NETHERLANDS - Civil service pension fund ABP has increased its stake in its subsidiary company Loyalis from 20% to 100%, it has announced.
According to the €191bn scheme, this extension is in line with the option offered by the VPL Act on vut, prepension and ‘levensloop’ of acquiring a 100% stake in an insurer which offers the tax-friendly levensloop, or life course.
ABP has had its 20% stake in Loyalis since 2003. The remaining 80% it has acquired now, has been owned by the employers’ and employees’ organisations within government and education.
Loyalis offers civil servants and teachers ‘levensloop’ and additional products and services. In 2005, its revenue was €720m.
Meanwhile, Social Affairs’ minister Aart Jan de Geus has said he isn’t considering additional measures because of a low uptake of the new levensloop so far.
“Any new voluntary scheme needs an introductory period, and this also applies to the levensloop. The promotion campaign is still running. Not earlier than the end of this year, we can draw conclusions,” he said, responding to parliamentary questions.
Labour MP Jet Bussemakers had confronted de Geus with a TNS NIPO survey, which concluded that the new tax-friendly scheme doesn’t appeal to the public.
At the same time, insurers have refused on a large scale to transfer balances of the (formerly tax-friendly) prepension schemes to the levensloop, apparently in order to protect their long-term investments, the daily Het Financieele Dagblad reported.

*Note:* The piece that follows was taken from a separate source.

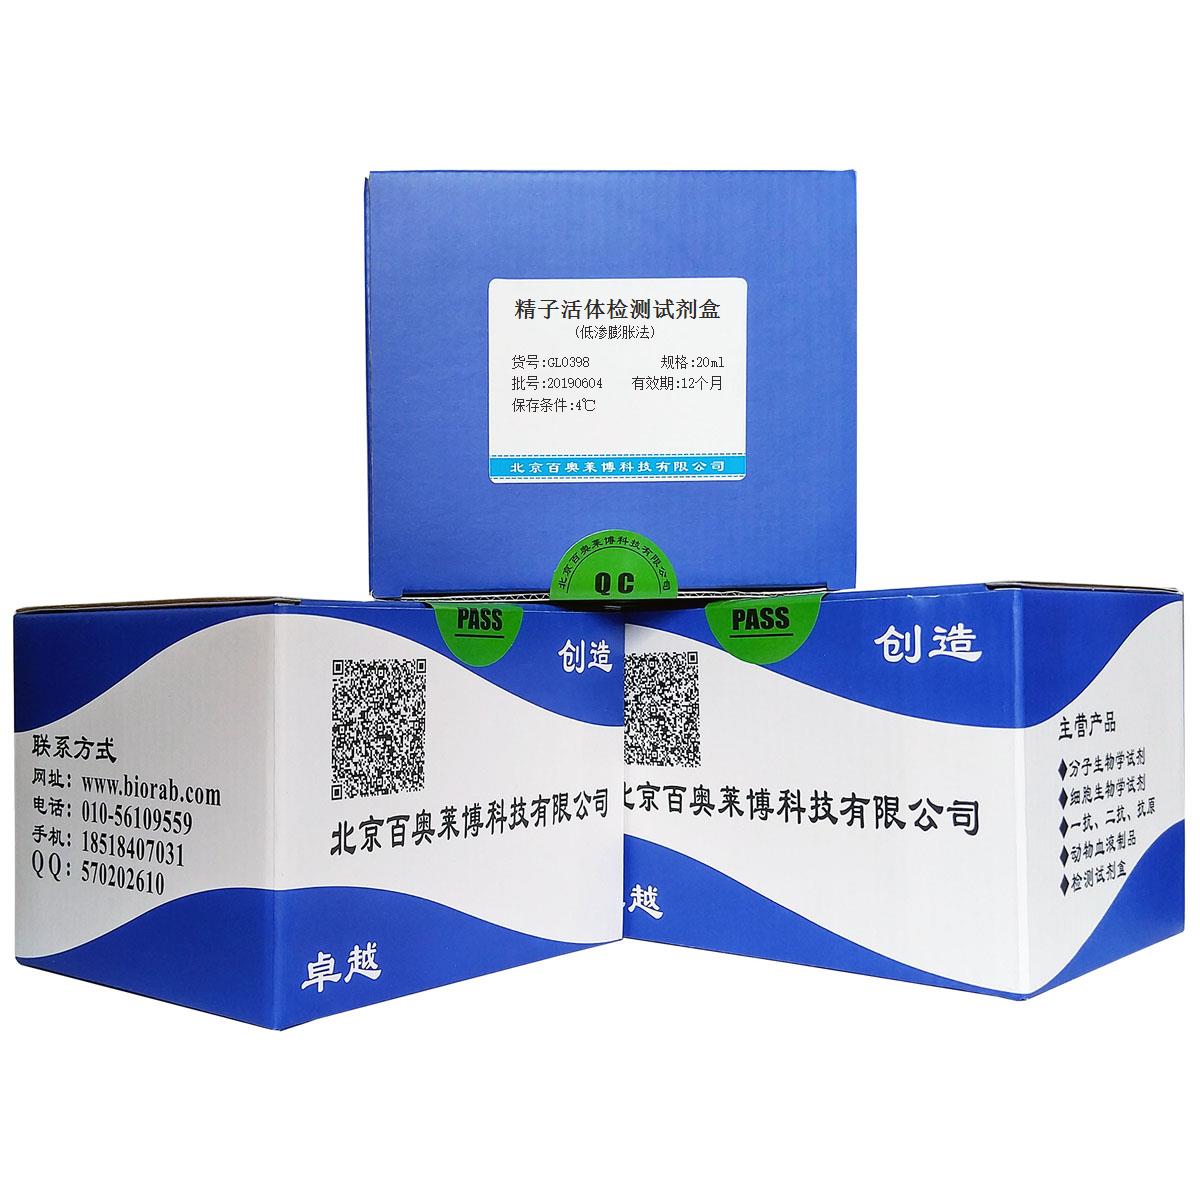 精子活体检测试剂盒(低渗膨胀法)北京供应商

According to adviser Ruud Junge of global management consultancy the Hay Group, a range of insurers show unwillingness. “Their philosophy is that it’s their money, and they flatly won’t cooperate, unless in case of a levensloop pension.”
Controller Steven Bron of Hay Group thinks the insurers want to protect their financial security. “If prepension money is being transferred to a levensloop account, it can be taken out much earlier. The long-term investments of the companies will be hampered,” the daily quoted him as saying from own experience.
“The insurers have the right to refuse. Both parties must agree on the transfer of prepension money,” Poul Gelderloos, fiscal specialist at Aon Consulting added.
Spokesman Henny Zoontjes of the Association of Insurers, or VvV, denies an organised industry-wide blockage. “We haven’t received any signal from consultants, and neither have the unions and employers’ organisations,” he said
“The only reason for a refusal could be a duty of care to the customer, as insurer Achmea indicated. The prepension money has been invested for the long term. In case of a transfer to levensloop, substantial costs will be deducted from the balance,” Zoontjes explained.
“Workers who insist on a transfer can do so. Especially since the insurers offer levensloop products as well.”